▶ [What to work on]:
Reproduce the data below word for word, setting aside any picture it holds.

▶ [Supplied material]:

· · ·

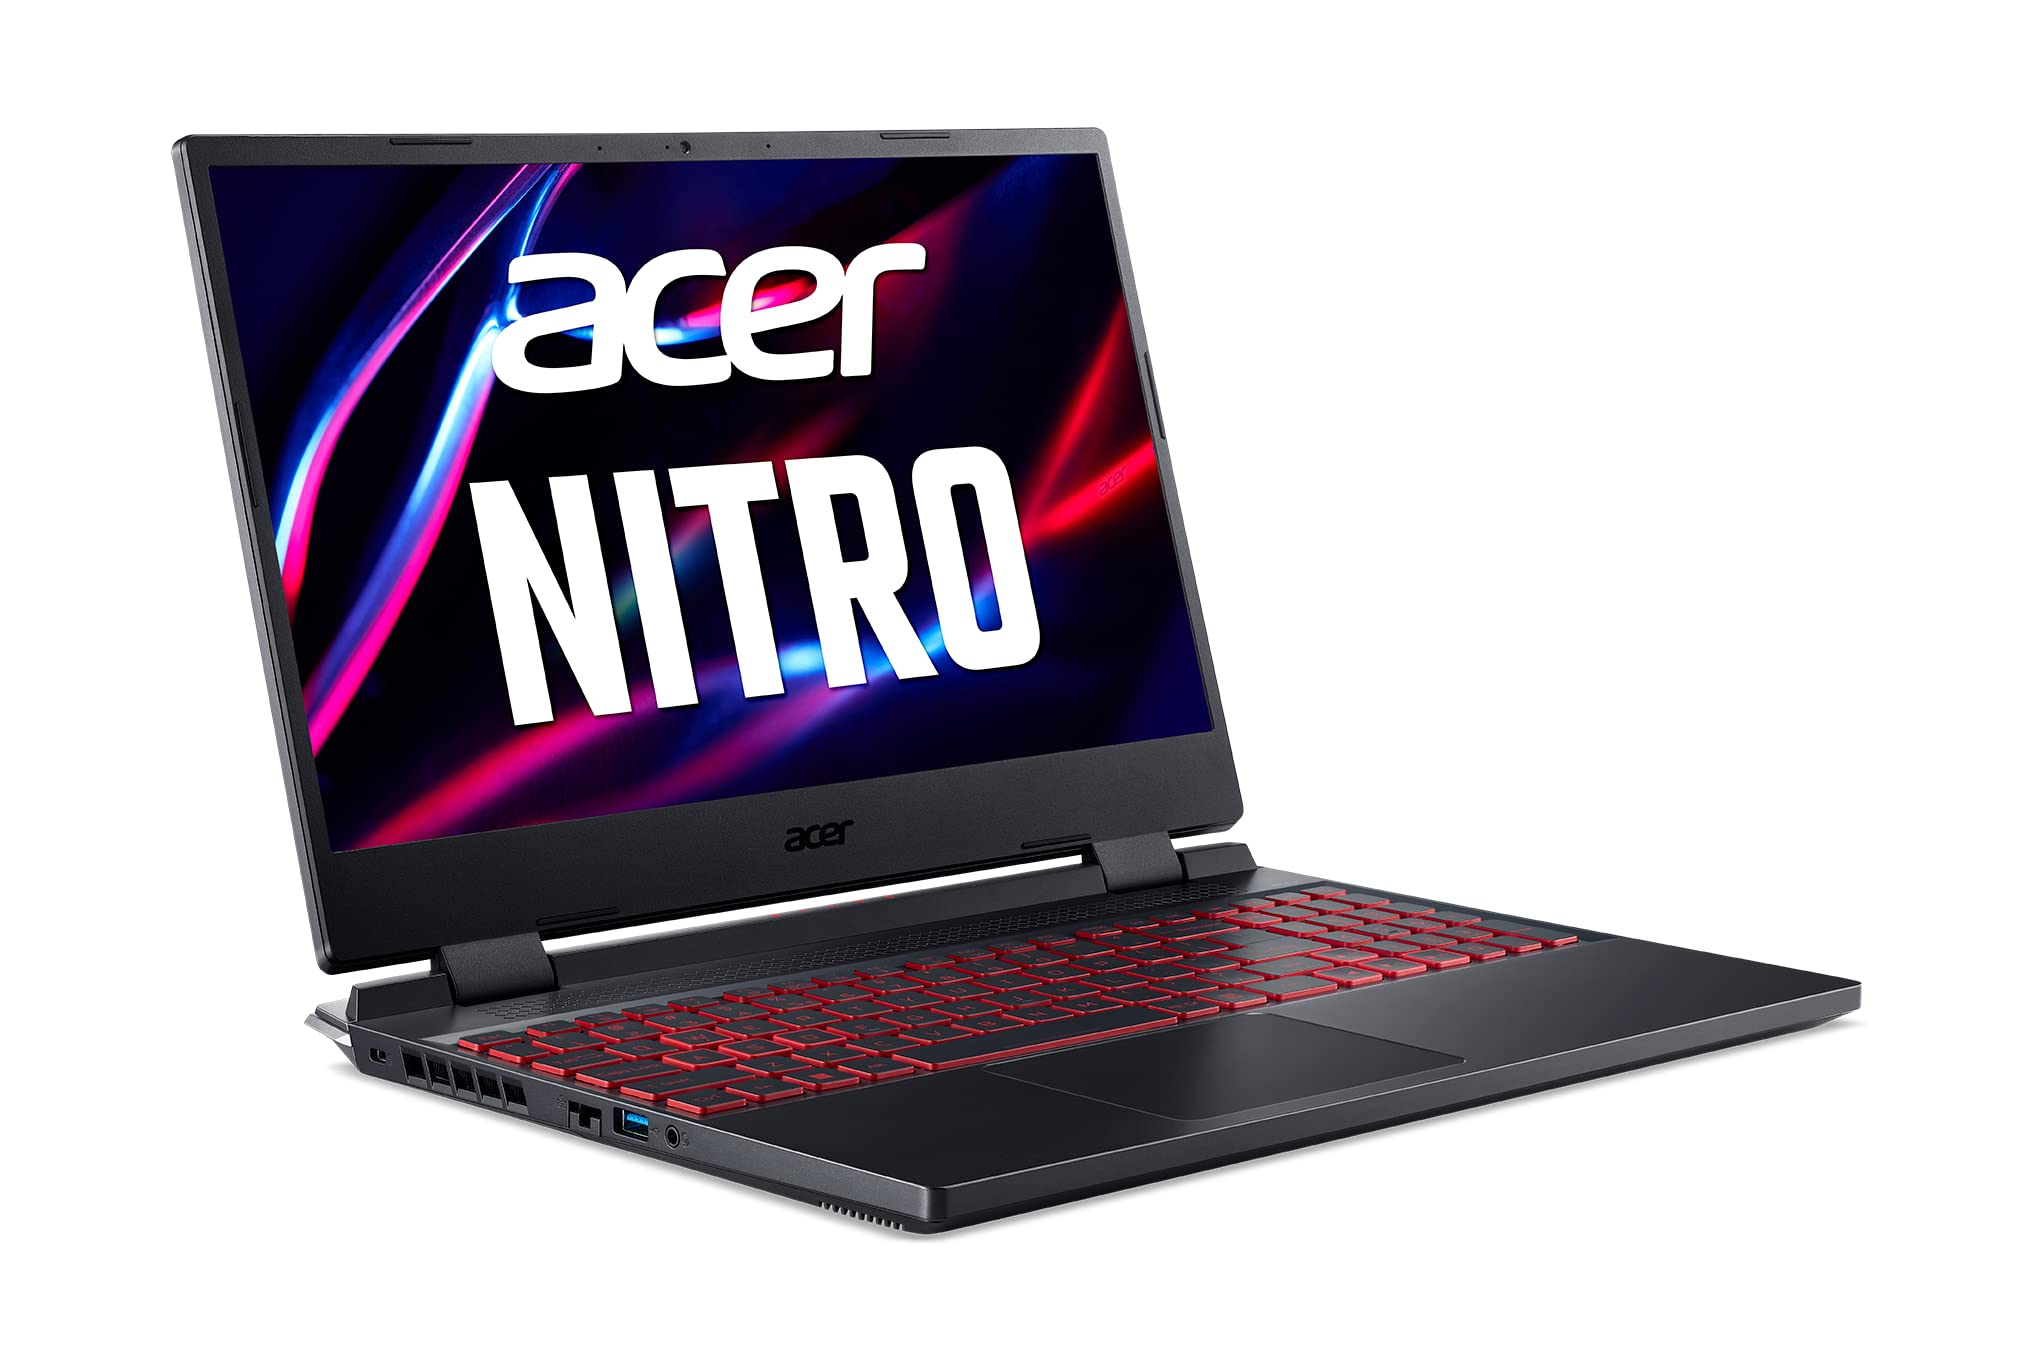 Acer Nitro 5 AN515 Gaming Notebook 12th Gen Intel Core i7-12700H 14 Cores Upto 4.70GHz/16GB/512GB SSD/4GB NVIDIA®GeForce®RTX 3050/15.6" FHD IPS 144Hz/Win 11 Home/Killer WiFi-6/Obsidian Black
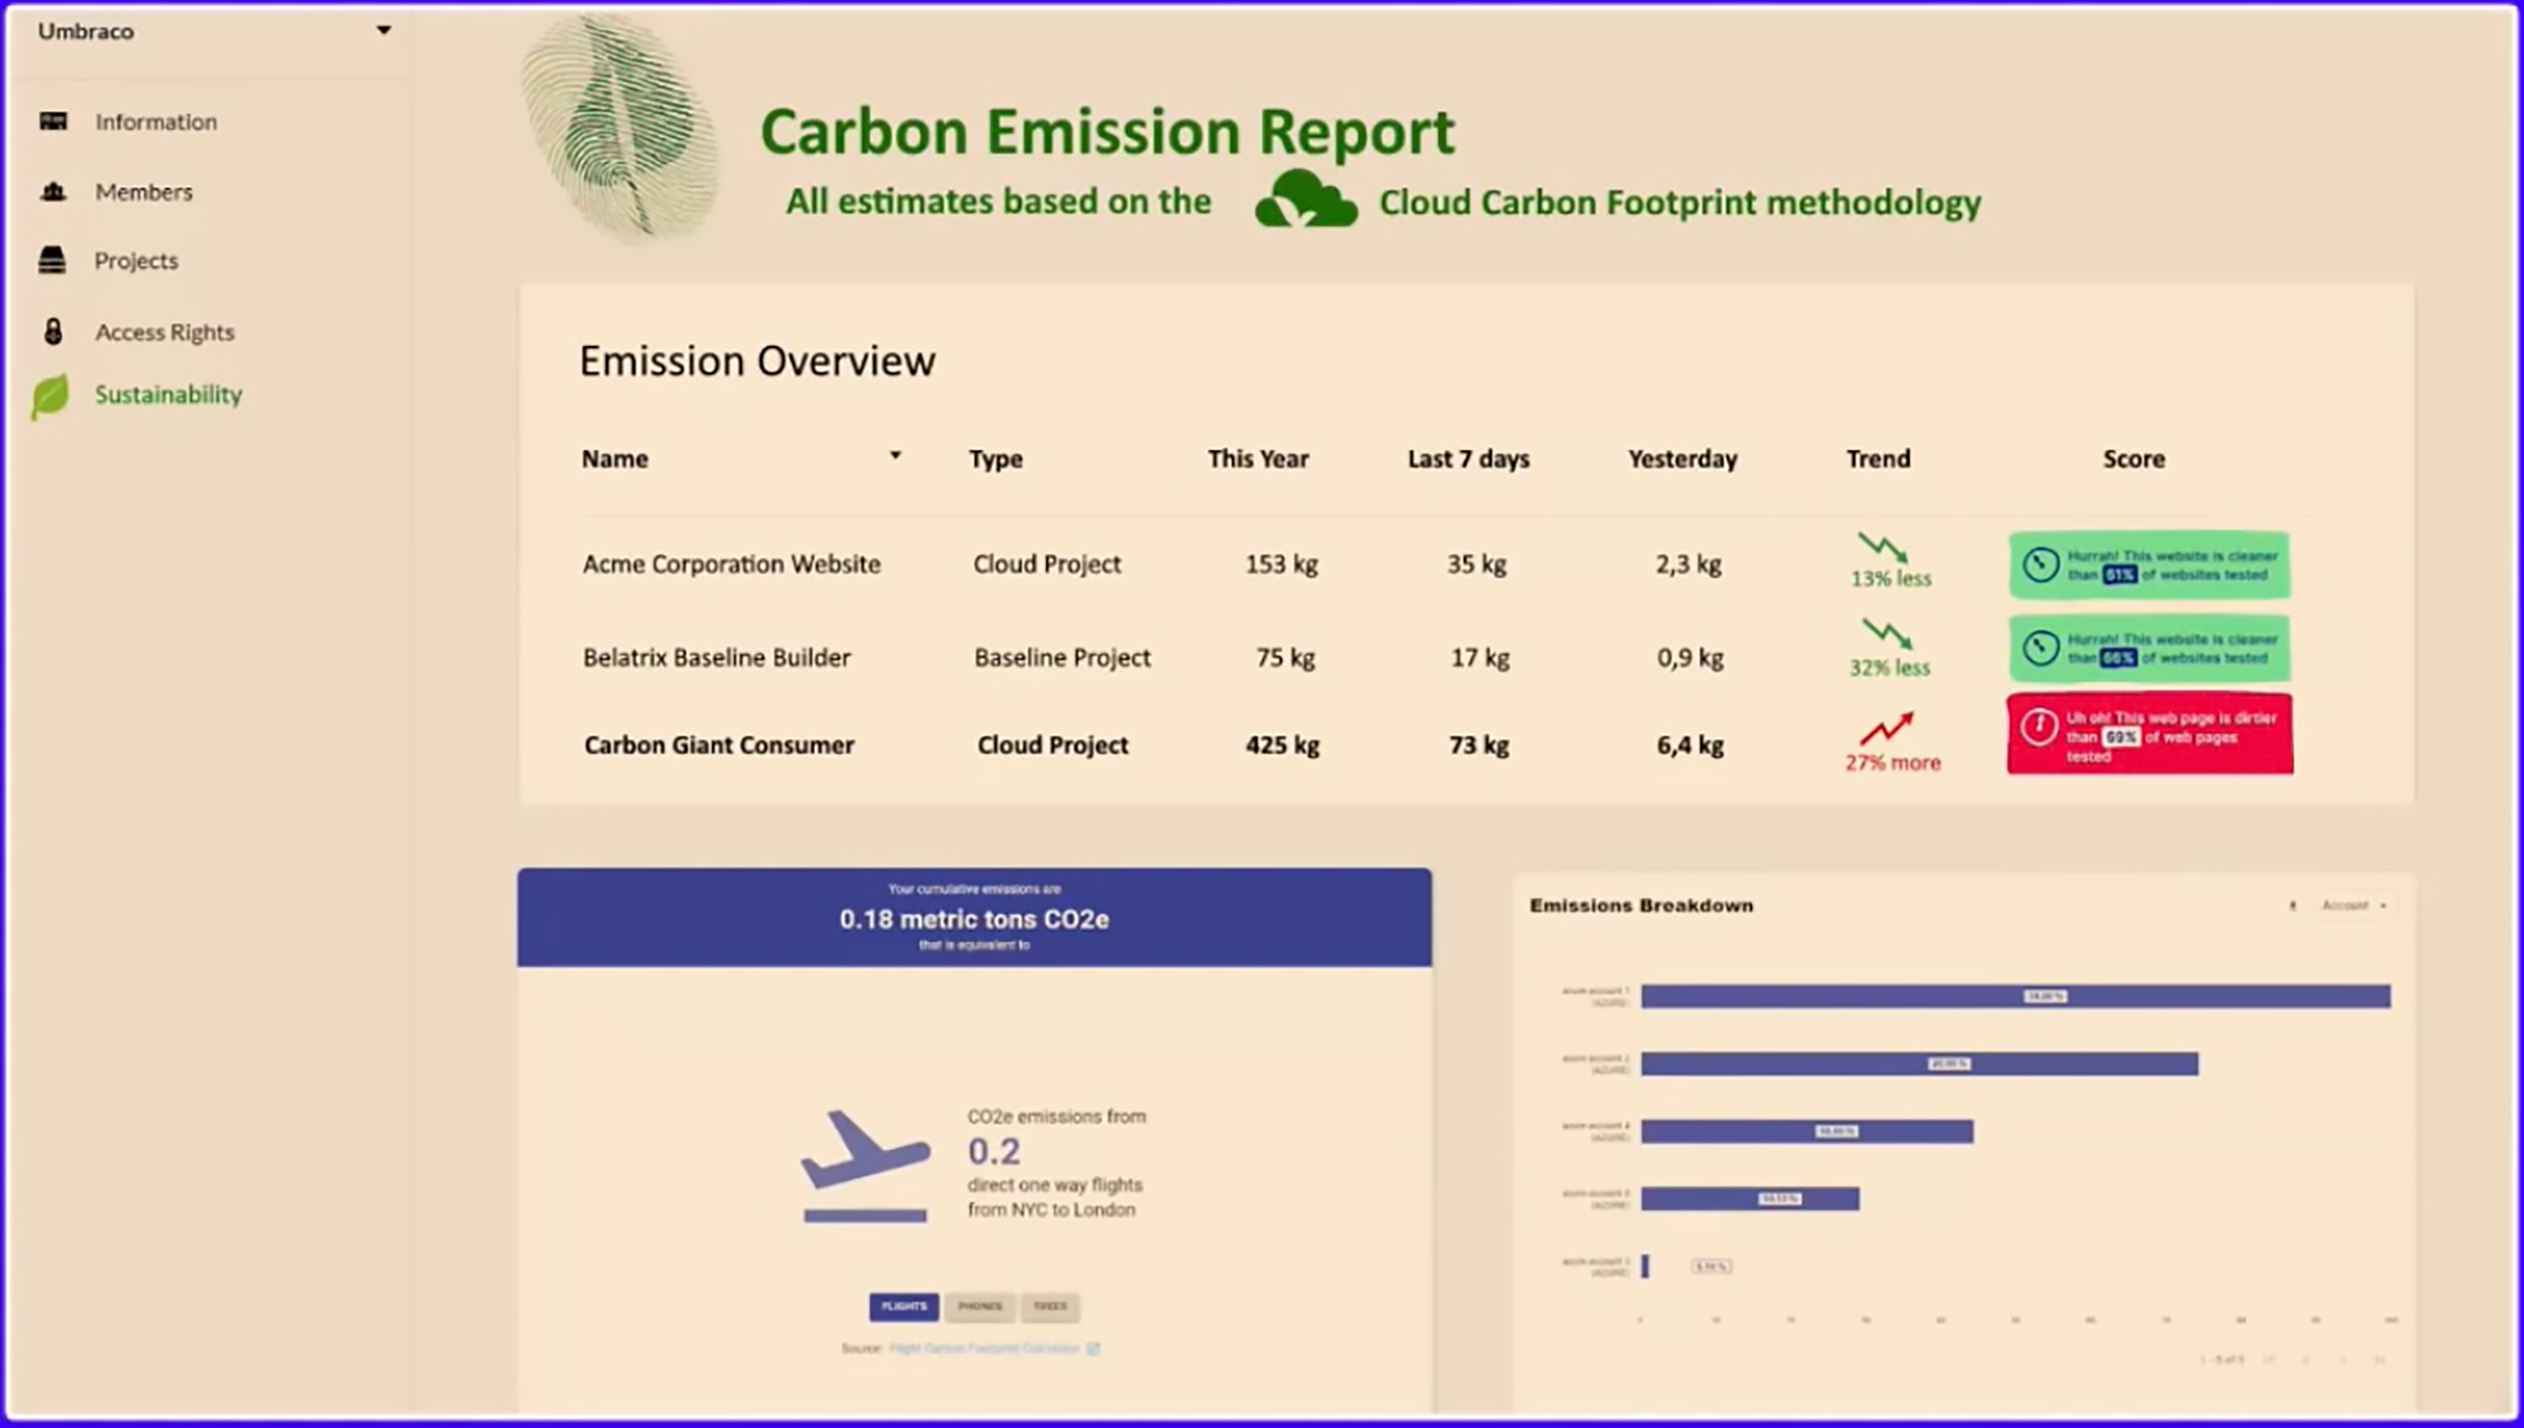 Umbaco Cloud Carbon Emission Report gives an overview of performance for all projects
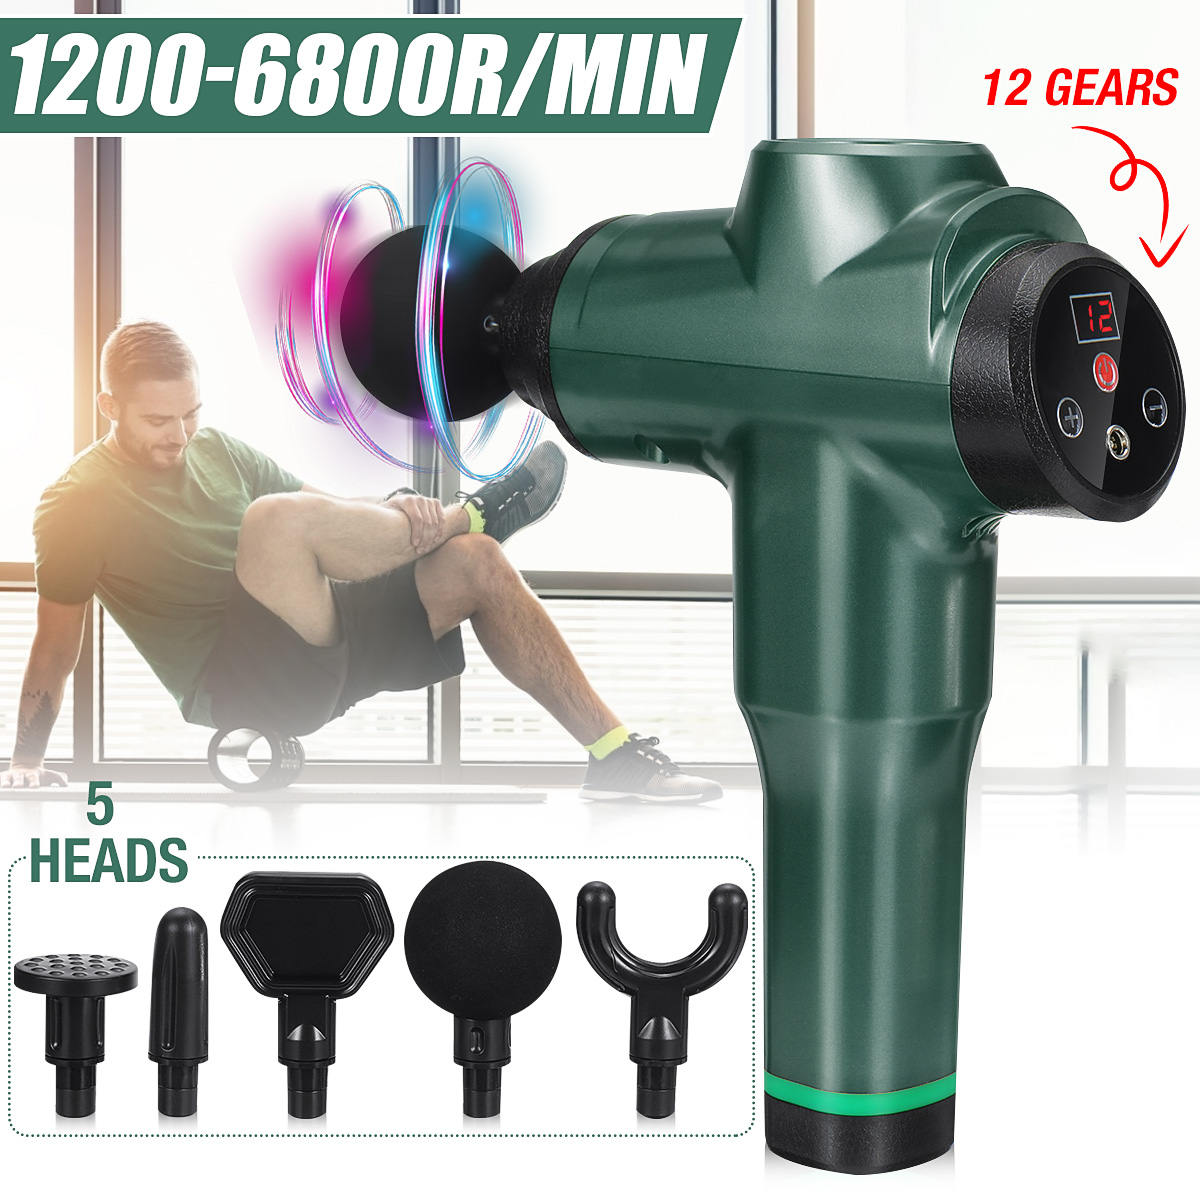 Display-12-Gear-Percussion-Massager-3600mAh-Vibration-Deep-Tissue-Muscle-Relaxation-Electric-Massage-1682388-1
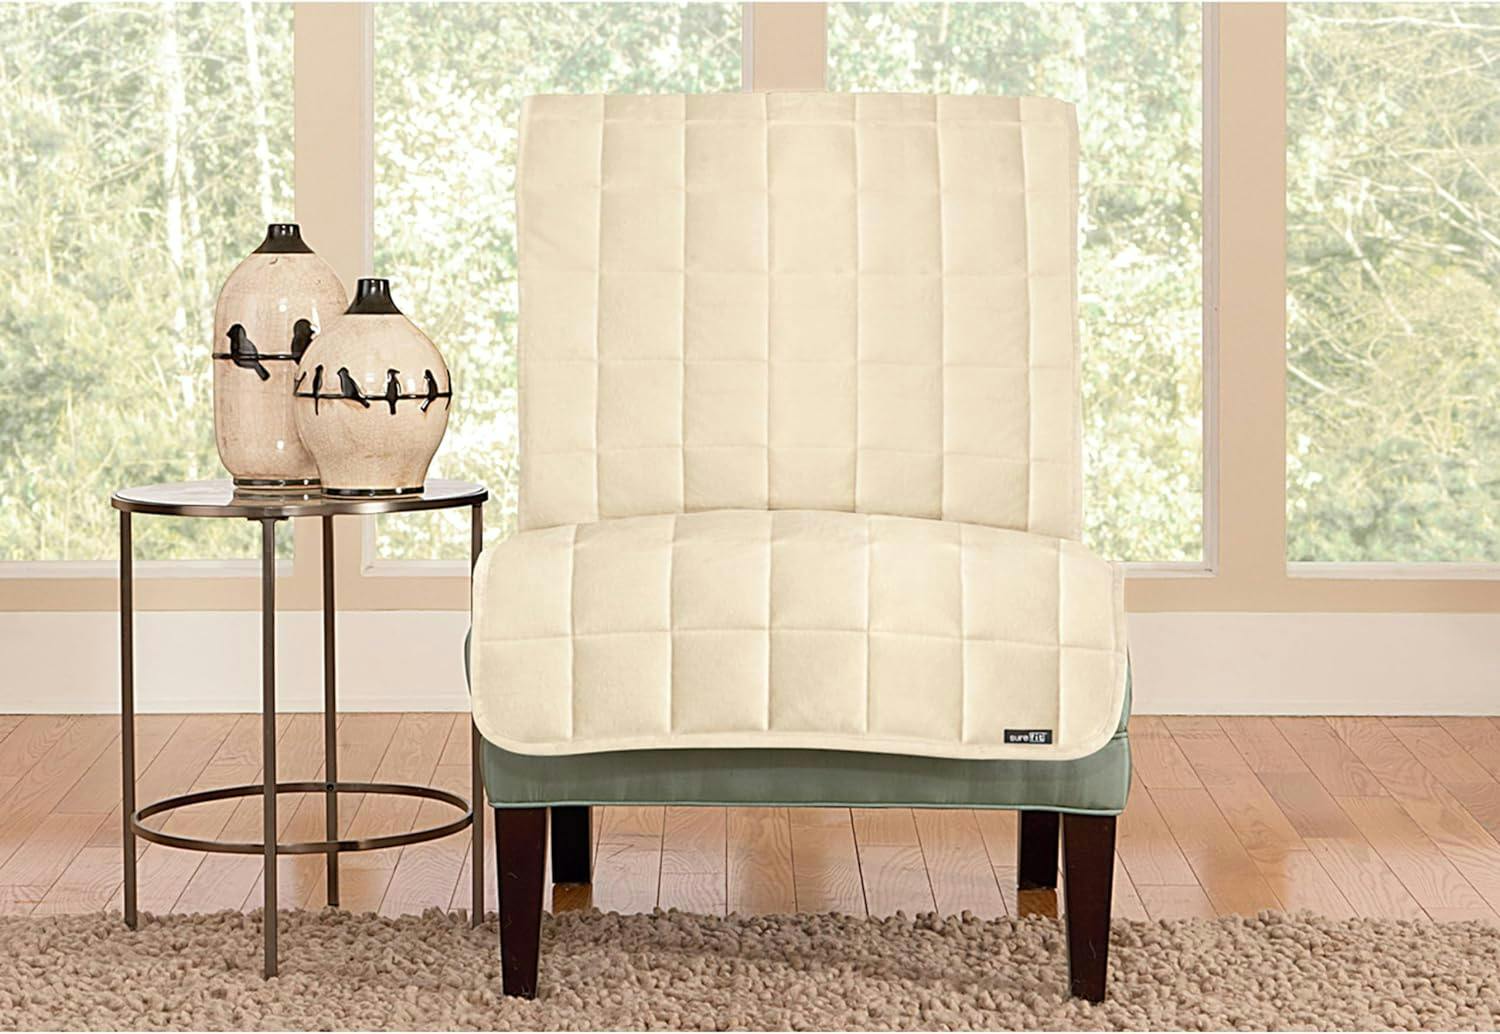 Deluxe Ivory Quilted Armless Chair Furniture Protector

· · ·

▶ [Exercise output]:
 Acer Nitro 5 AN515 Gaming Notebook 12th Gen Intel Core i7-12700H 14 Cores Upto 4.70GHz/16GB/512GB SSD/4GB NVIDIA®GeForce®RTX 3050/15.6" FHD IPS 144Hz/Win 11 Home/Killer WiFi-6/Obsidian Black
 Umbaco Cloud Carbon Emission Report gives an overview of performance for all projects
 Display-12-Gear-Percussion-Massager-3600mAh-Vibration-Deep-Tissue-Muscle-Relaxation-Electric-Massage-1682388-1
 Deluxe Ivory Quilted Armless Chair Furniture Protector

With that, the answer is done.